### Exercise instructions
A faithful transcription is wanted of the lines from the top of the material through the line that holds "Highfiving Coach Roberts", both ends included, leaving out the pictures.
=== Collected material ===
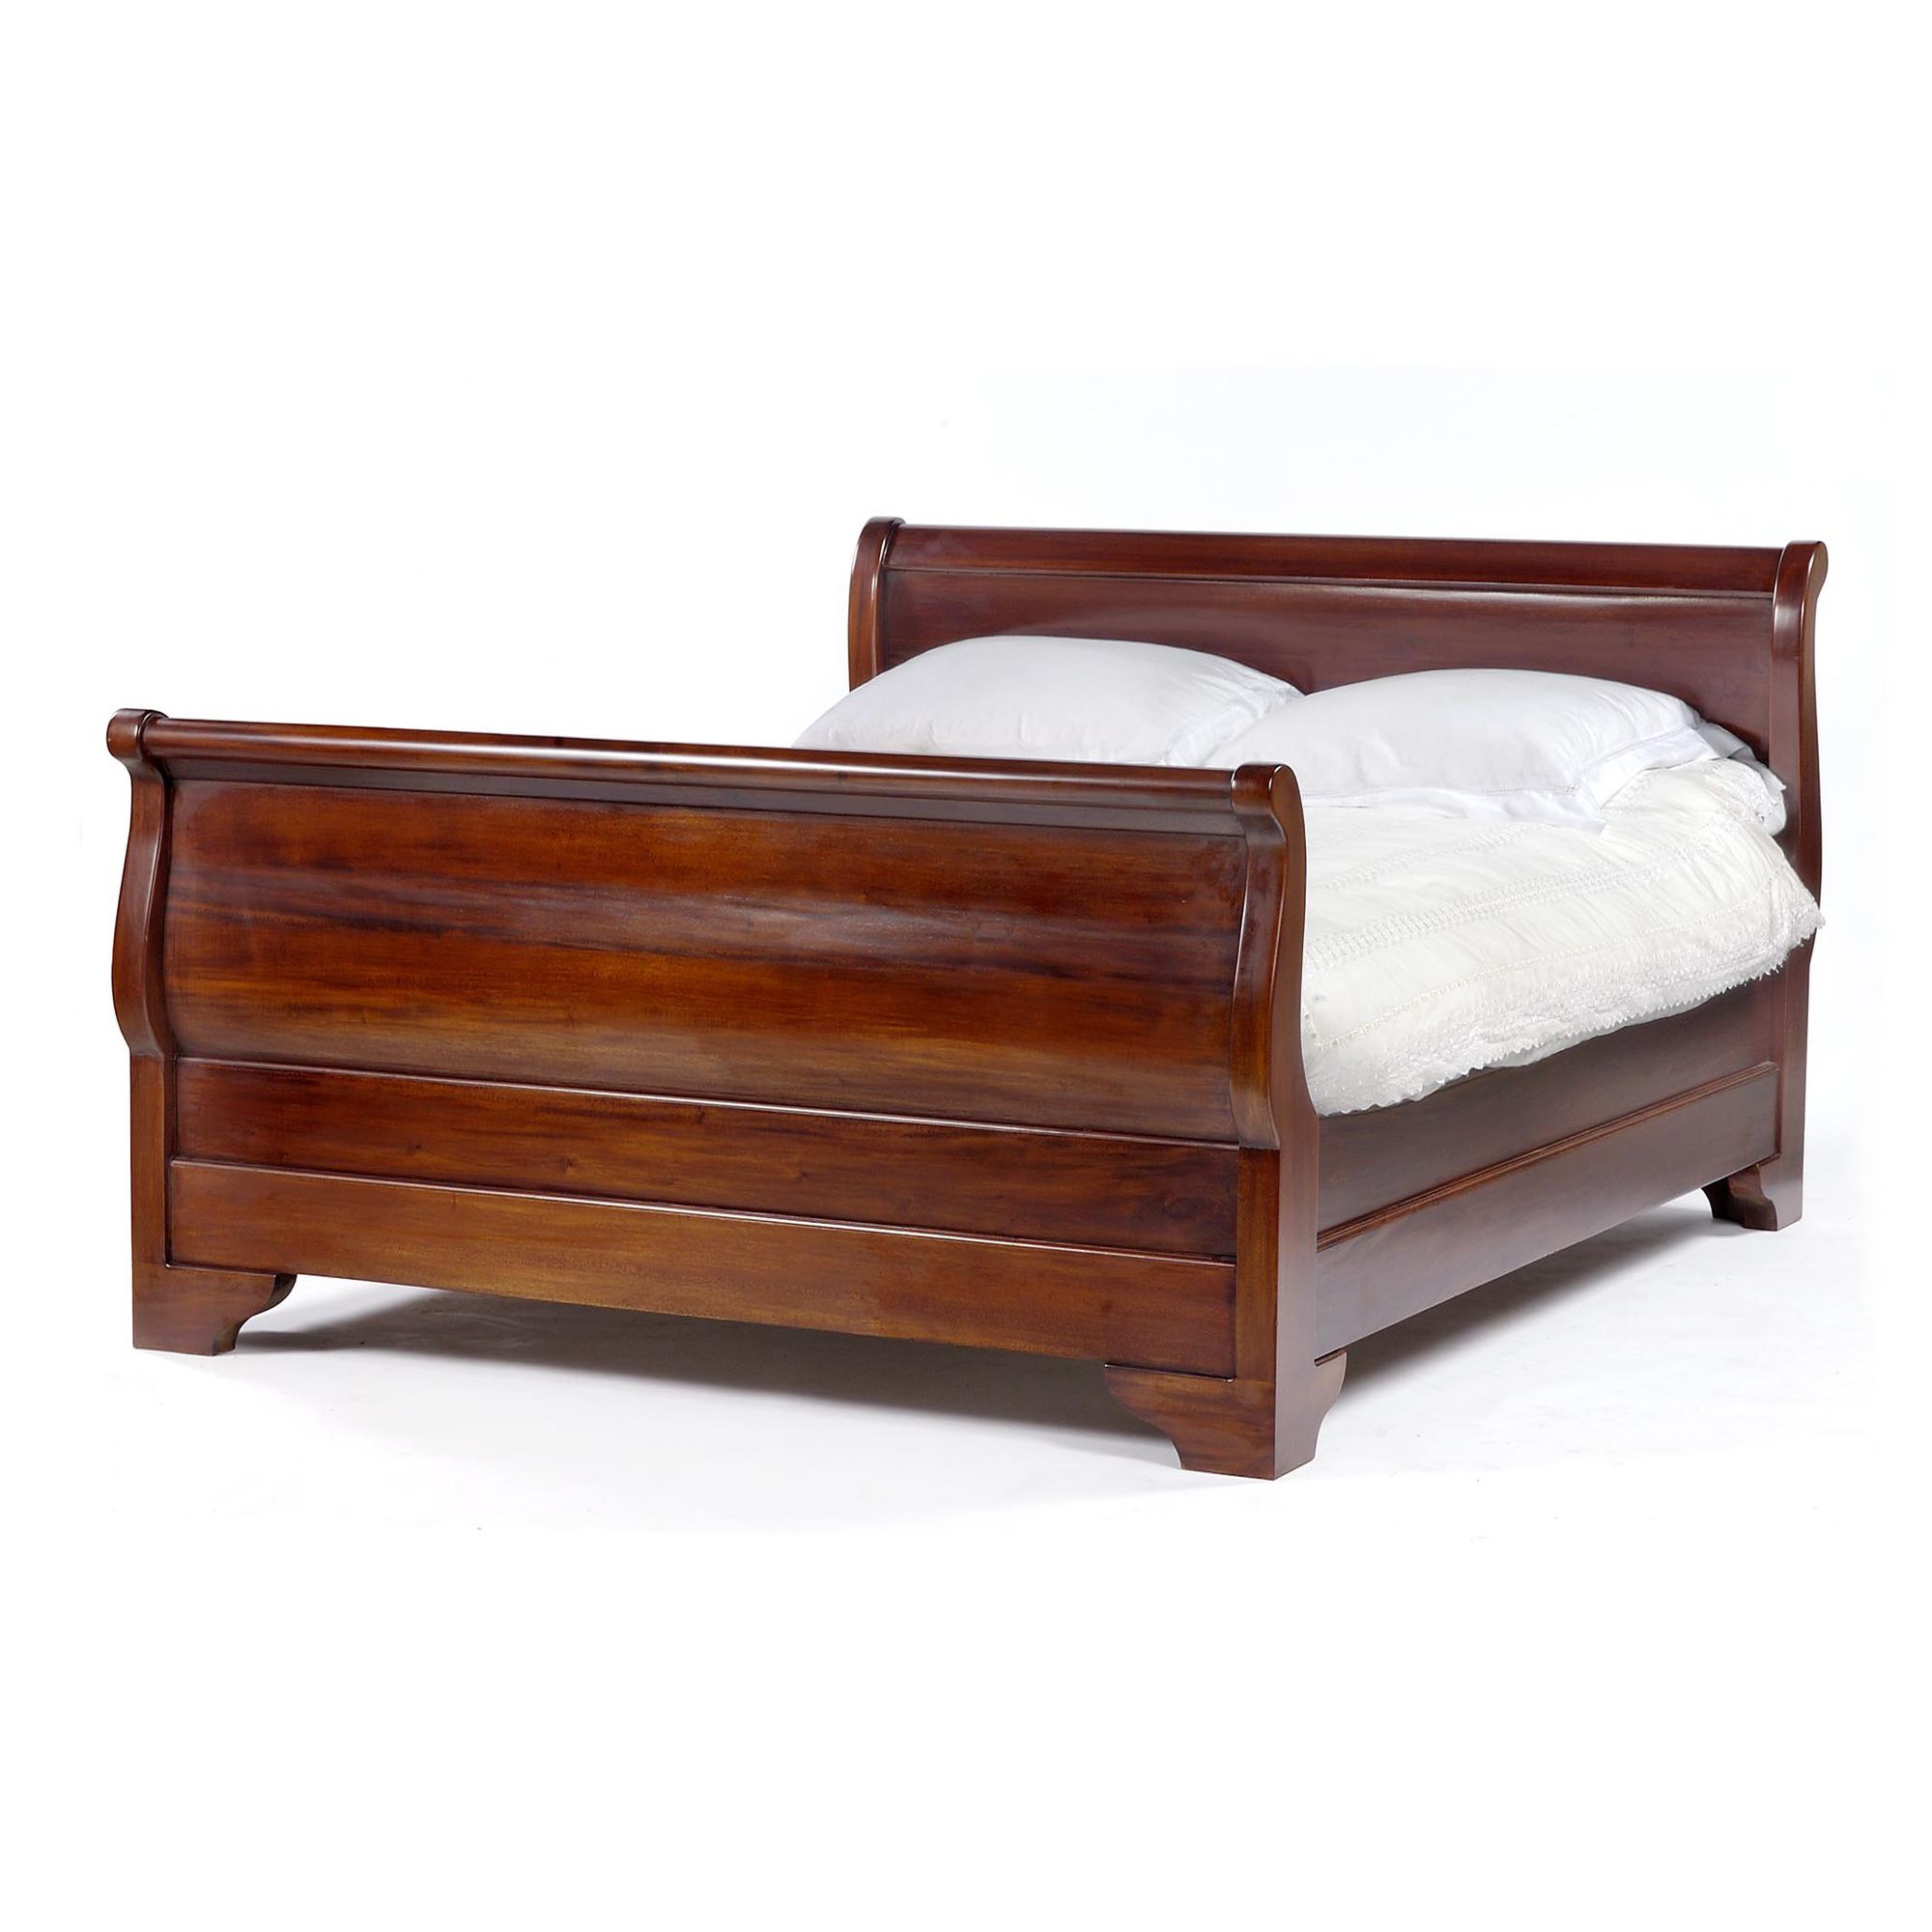 Anderson Bradshaw High-Back Sleigh Bed Frame - Double at Tesco Direct
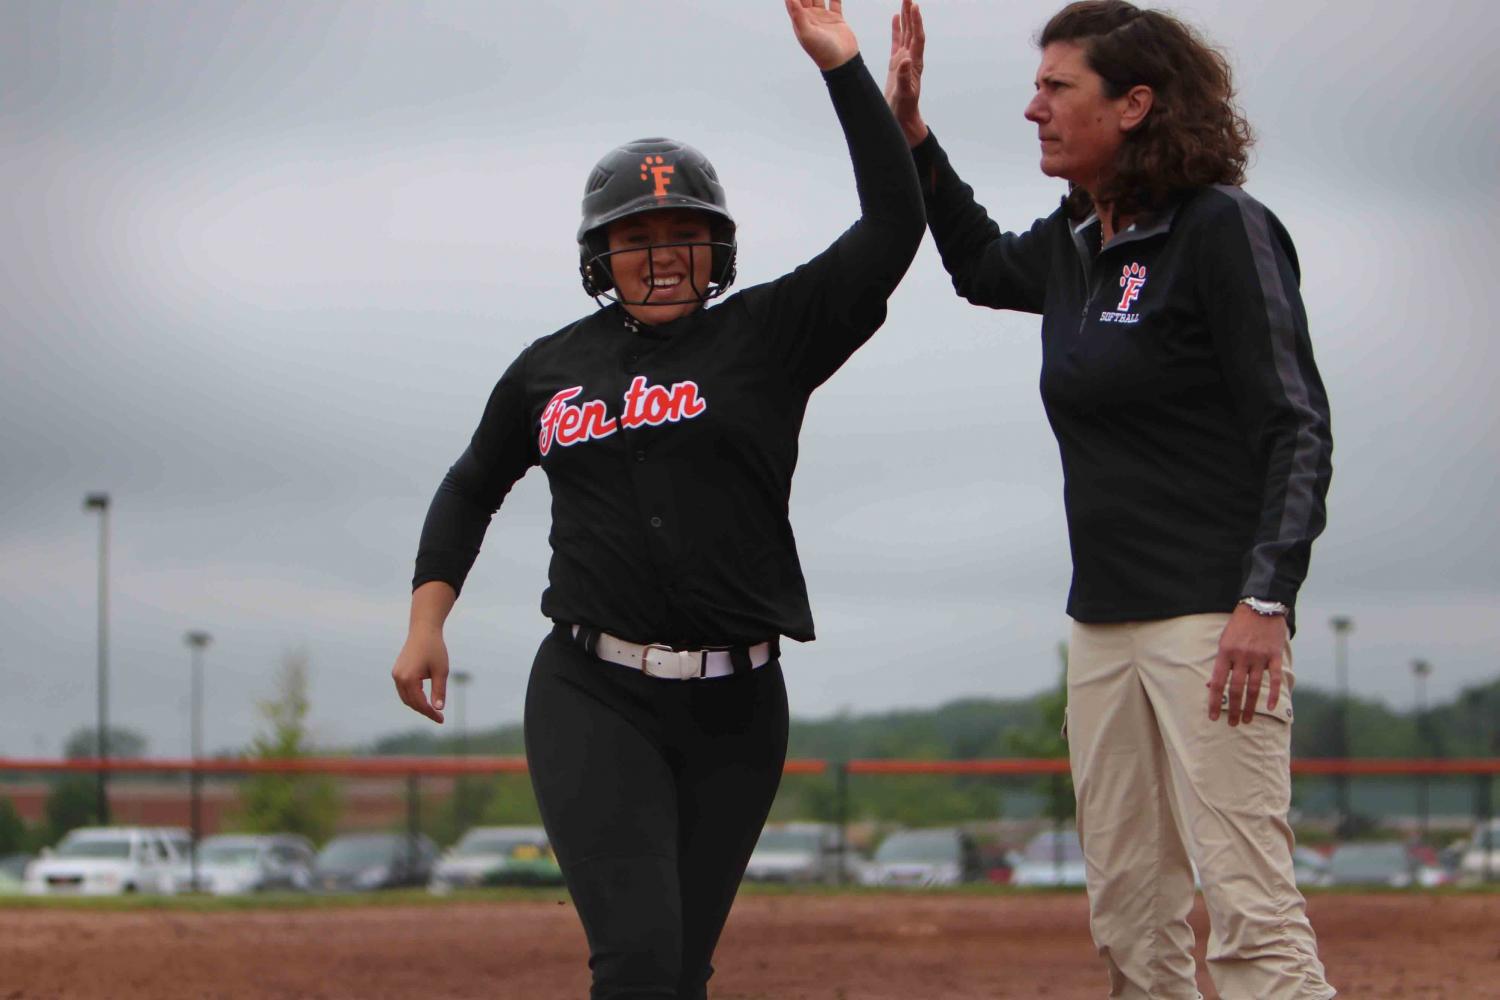 Highfiving Coach Roberts as she makes a run, senior Michaela Willett plays in her last home game as a high school athlete. At their game against Brandon the seniors were recognized for their season before graduating. 
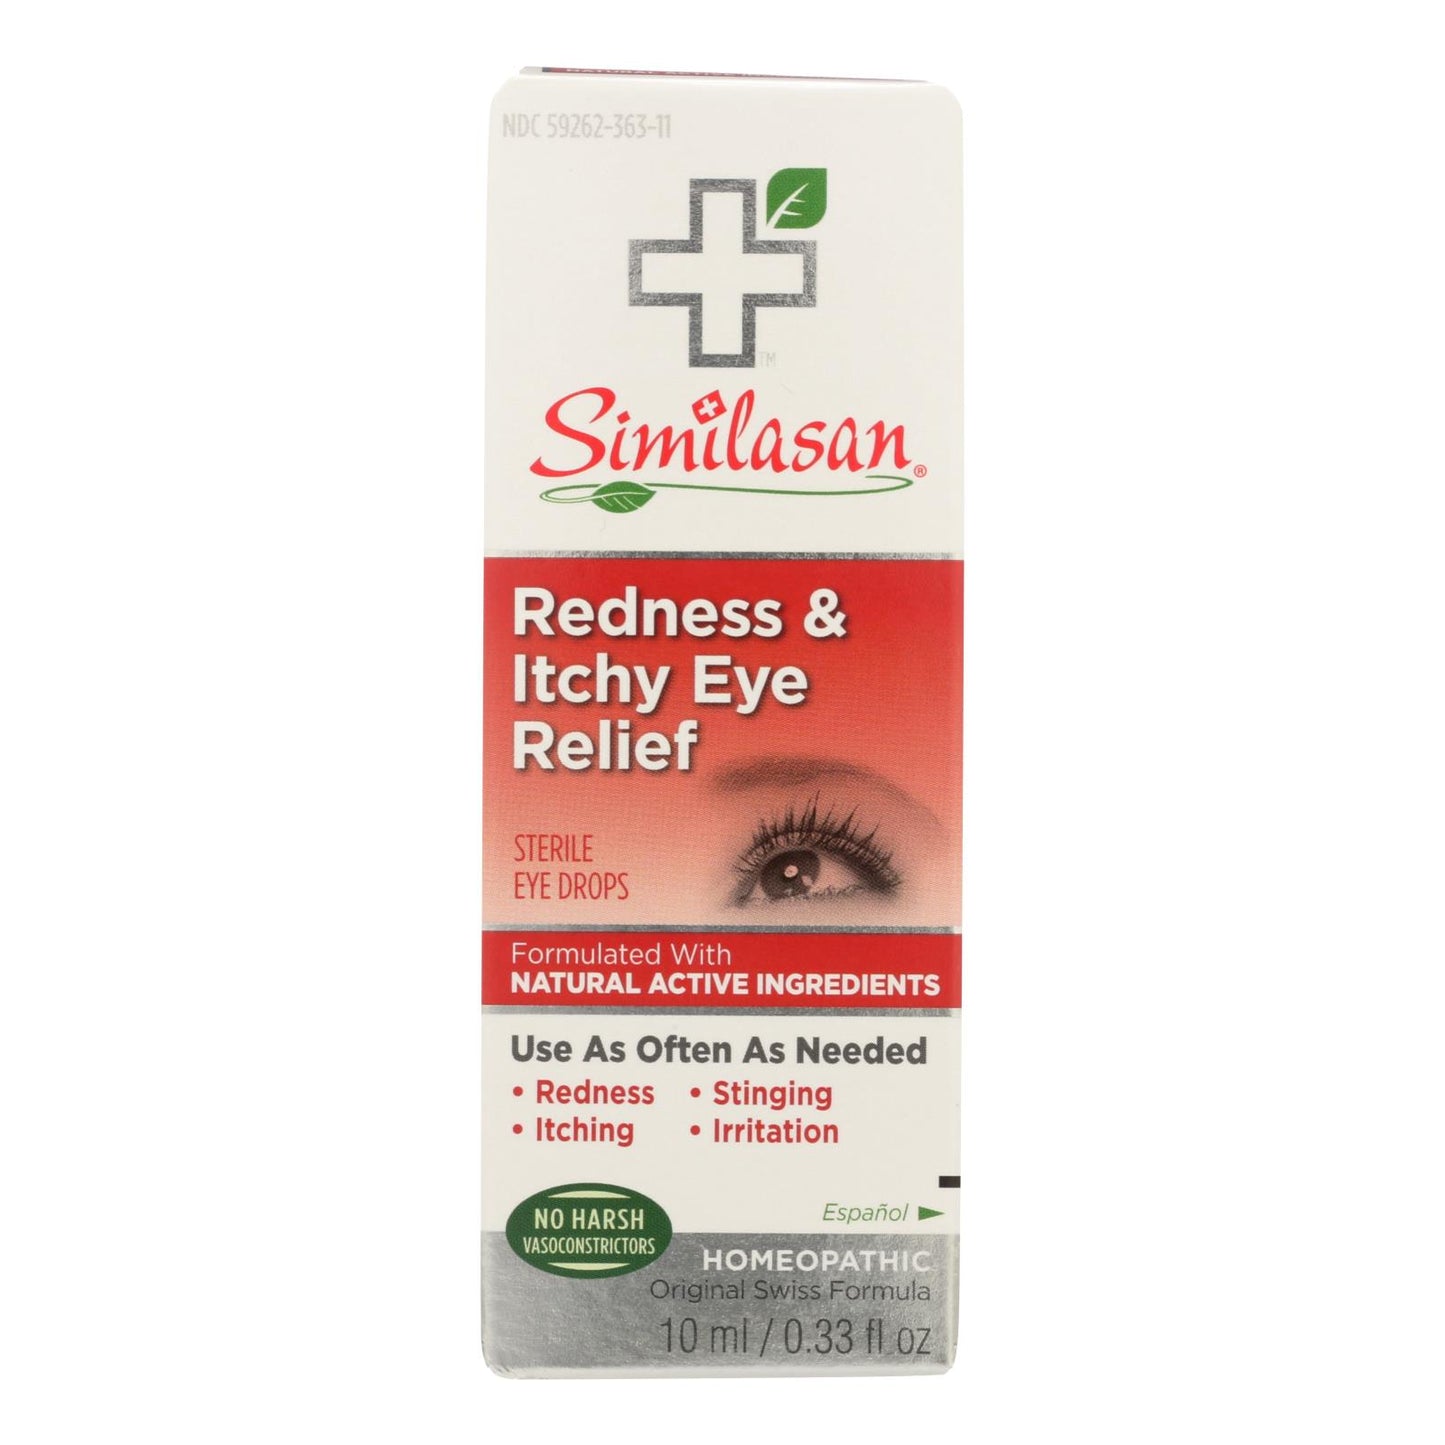 Similasan Redness And Itchy Homeopathic Eye Relief Drops, 0.33 fl oz
===
### Exercise output
 Anderson Bradshaw High-Back Sleigh Bed Frame - Double at Tesco Direct
 Highfiving Coach Roberts as she makes a run, senior Michaela Willett plays in her last home game as a high school athlete. At their game against Brandon the seniors were recognized for their season before graduating. 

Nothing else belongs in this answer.